**REQUIRED WORK:** A faithful transcription of all the data, images excluded, is the required answer.

**MATERIAL PROVIDED:**

-- Opening Marker --

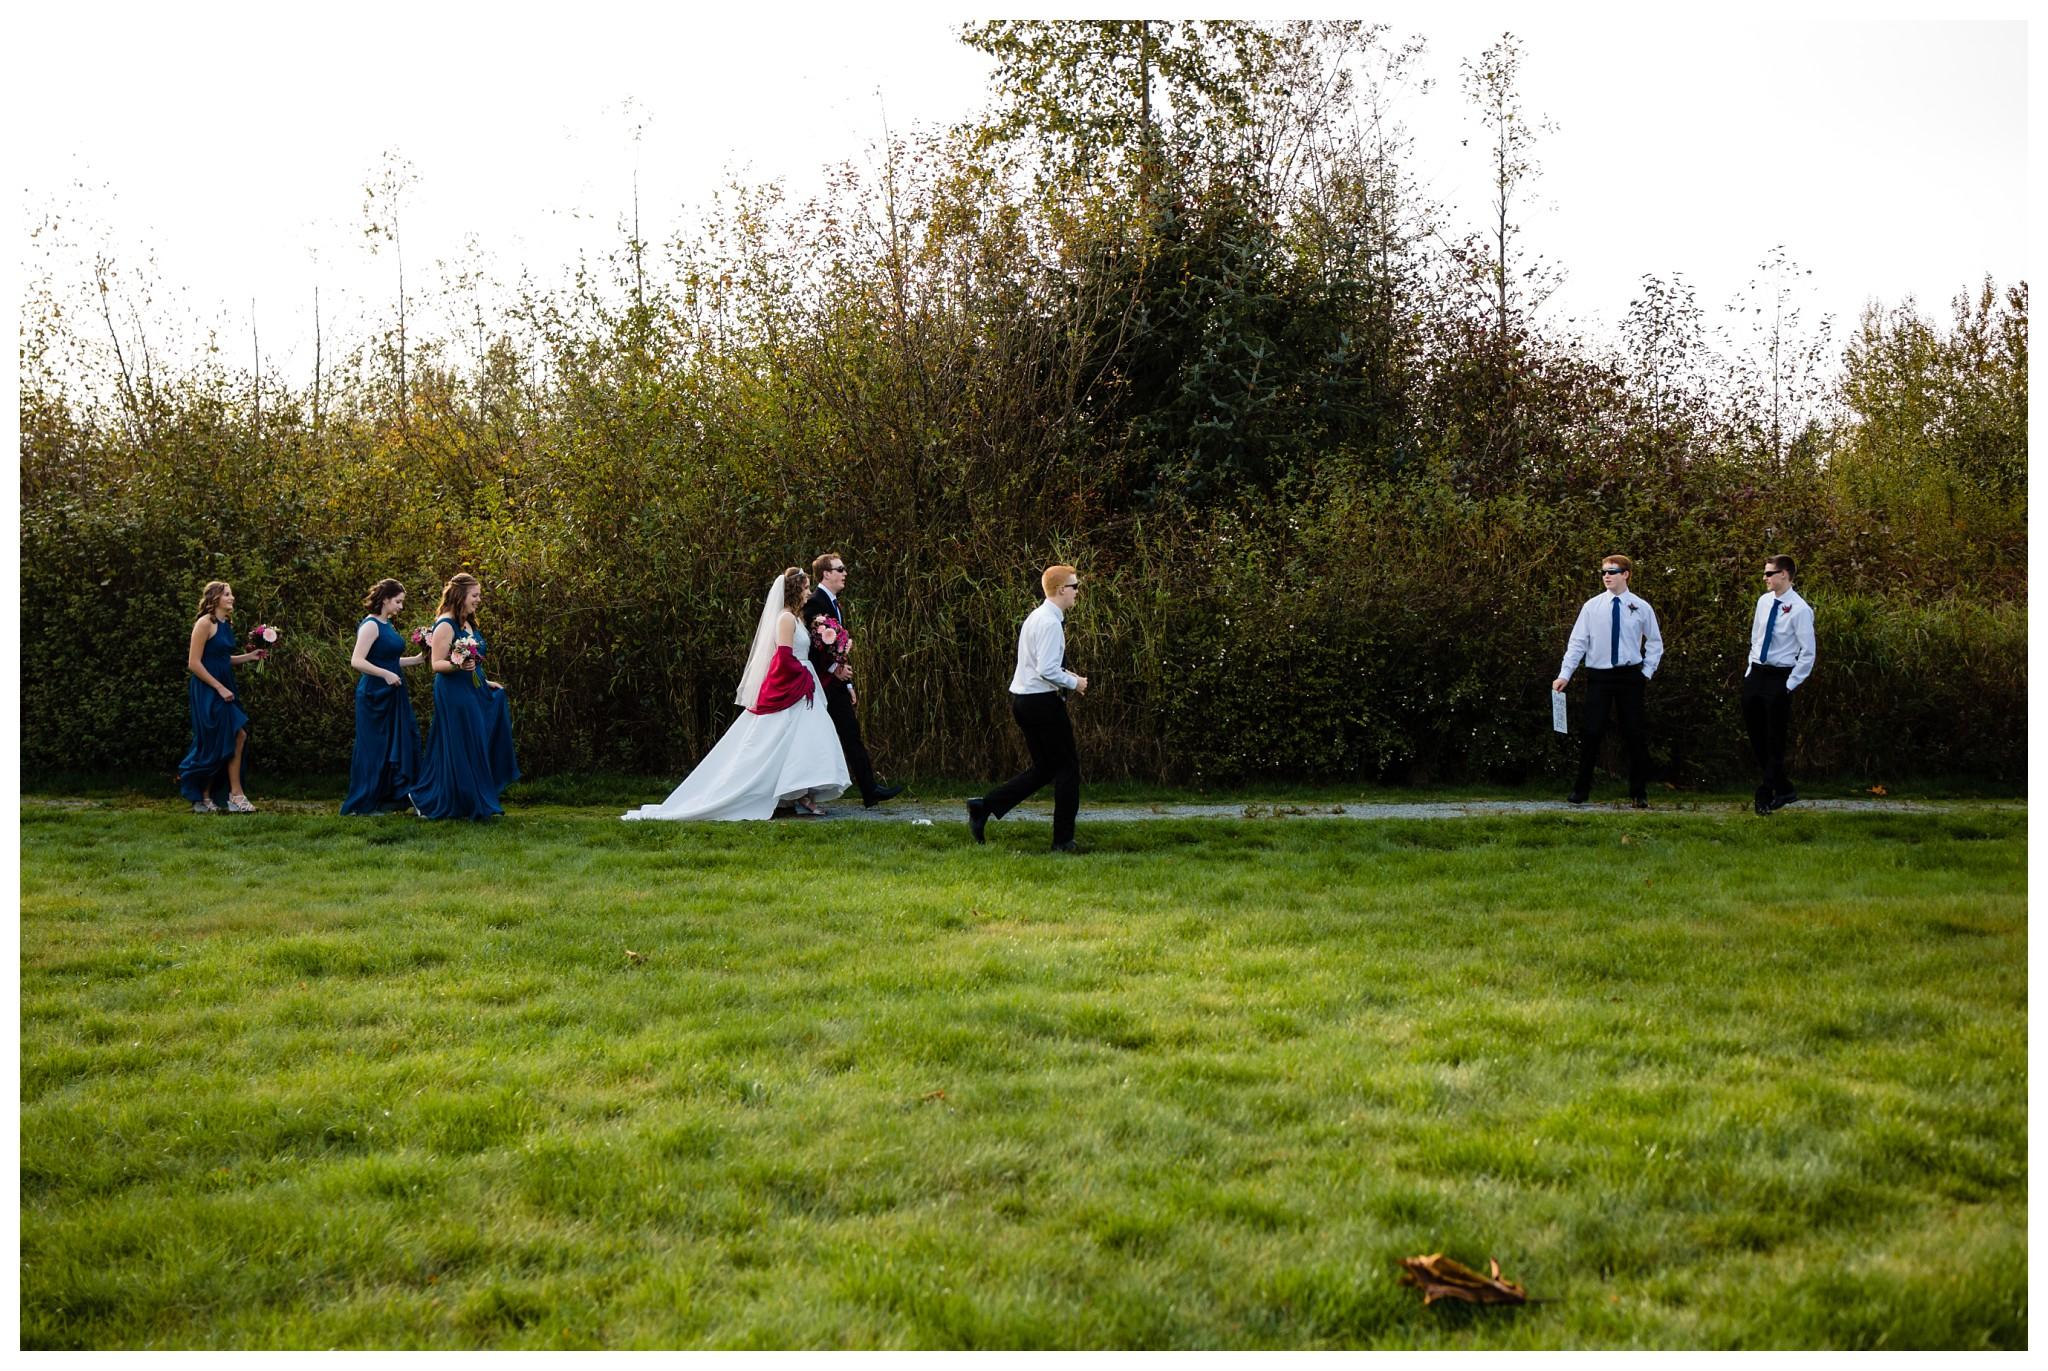 Aldergrove Park Christian Church Wedding Photography Pink Flowers Blue Bridesmaid Dress Fall_0126.jpg
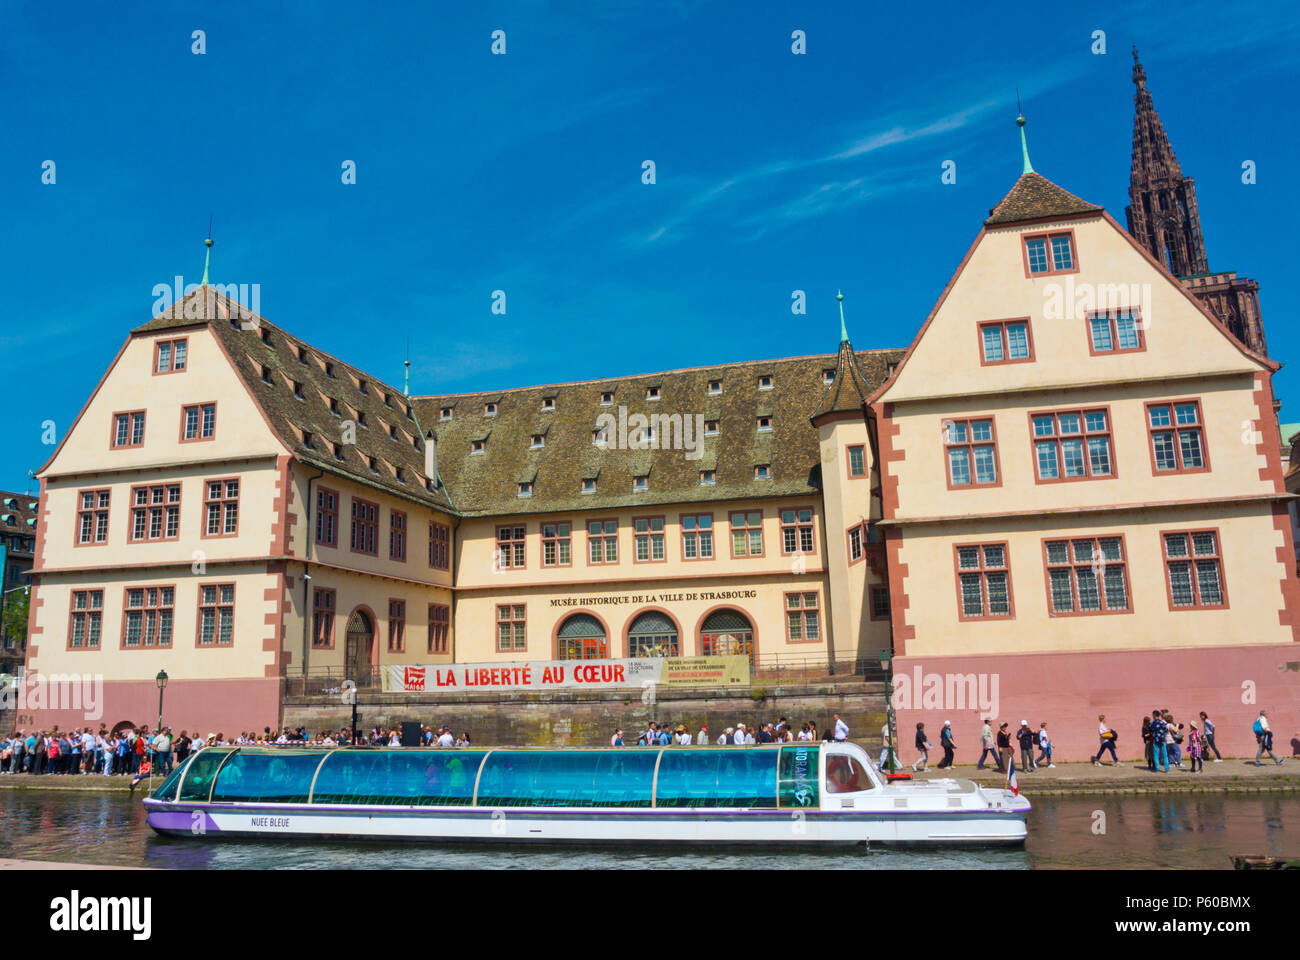 Pier Batorama Rohan Palace, by River Ill, Grande Ile, Strasbourg, Alsace, France - Stock Image
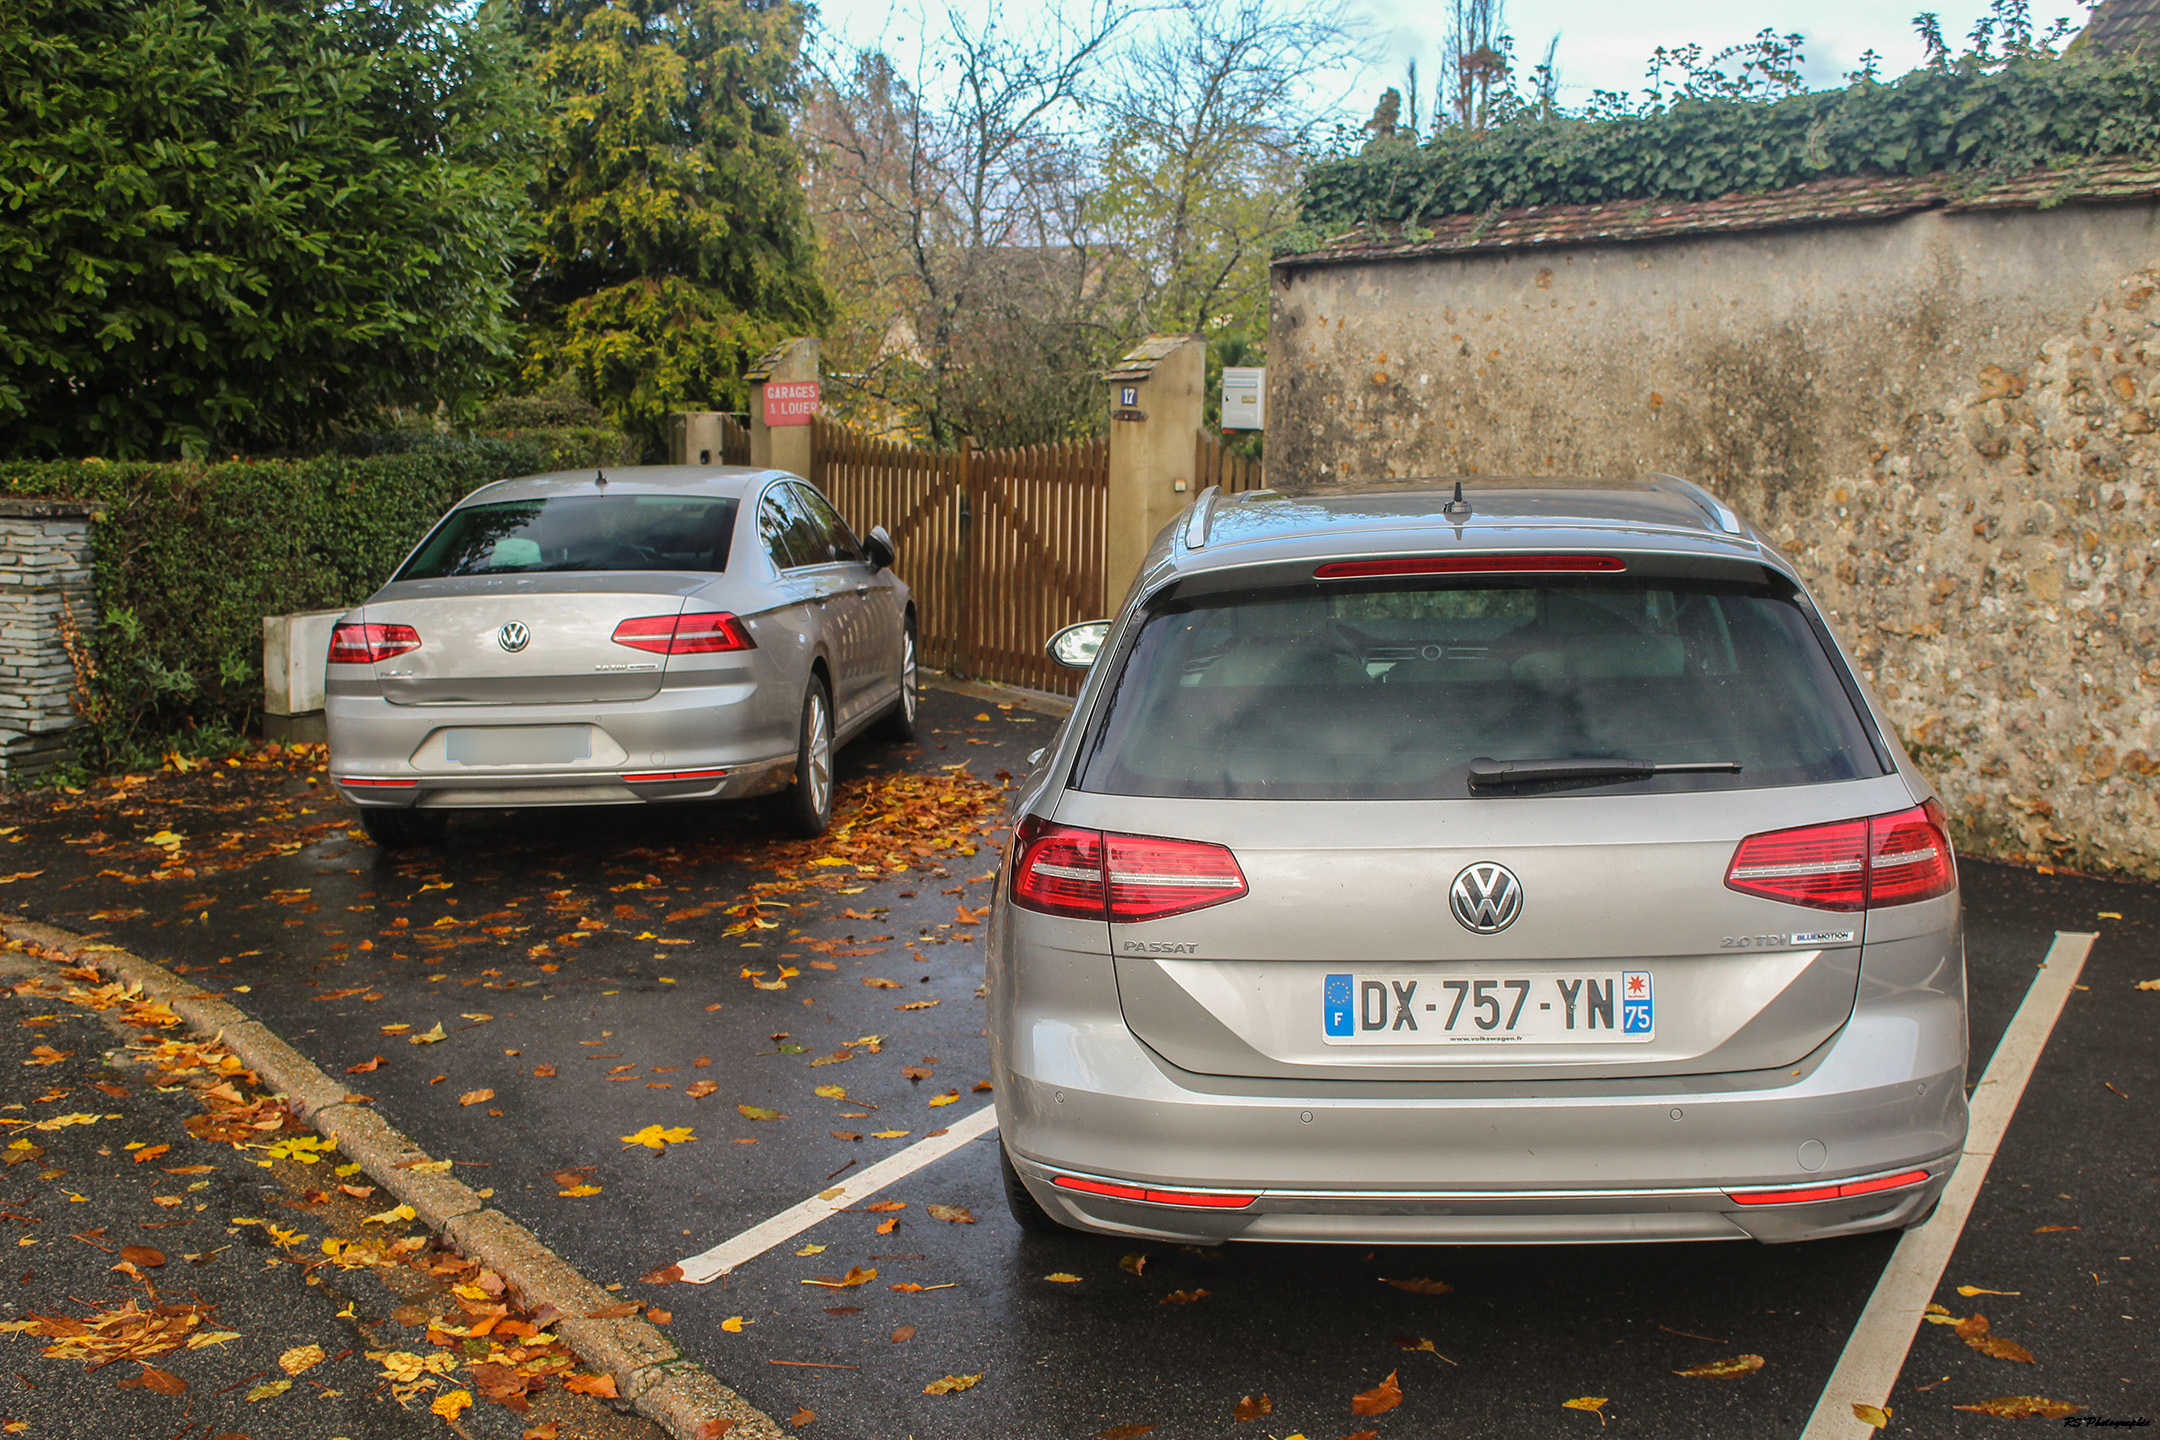 vwpassatsw44-volkswagen-passat-sw-arriere-rear-arnaud-demasier-rsphotographie

-- Closing Marker --

**FINISHED EXERCISE:**
 Aldergrove Park Christian Church Wedding Photography Pink Flowers Blue Bridesmaid Dress Fall_0126.jpg
 Pier Batorama Rohan Palace, by River Ill, Grande Ile, Strasbourg, Alsace, France - Stock Image
 vwpassatsw44-volkswagen-passat-sw-arriere-rear-arnaud-demasier-rsphotographie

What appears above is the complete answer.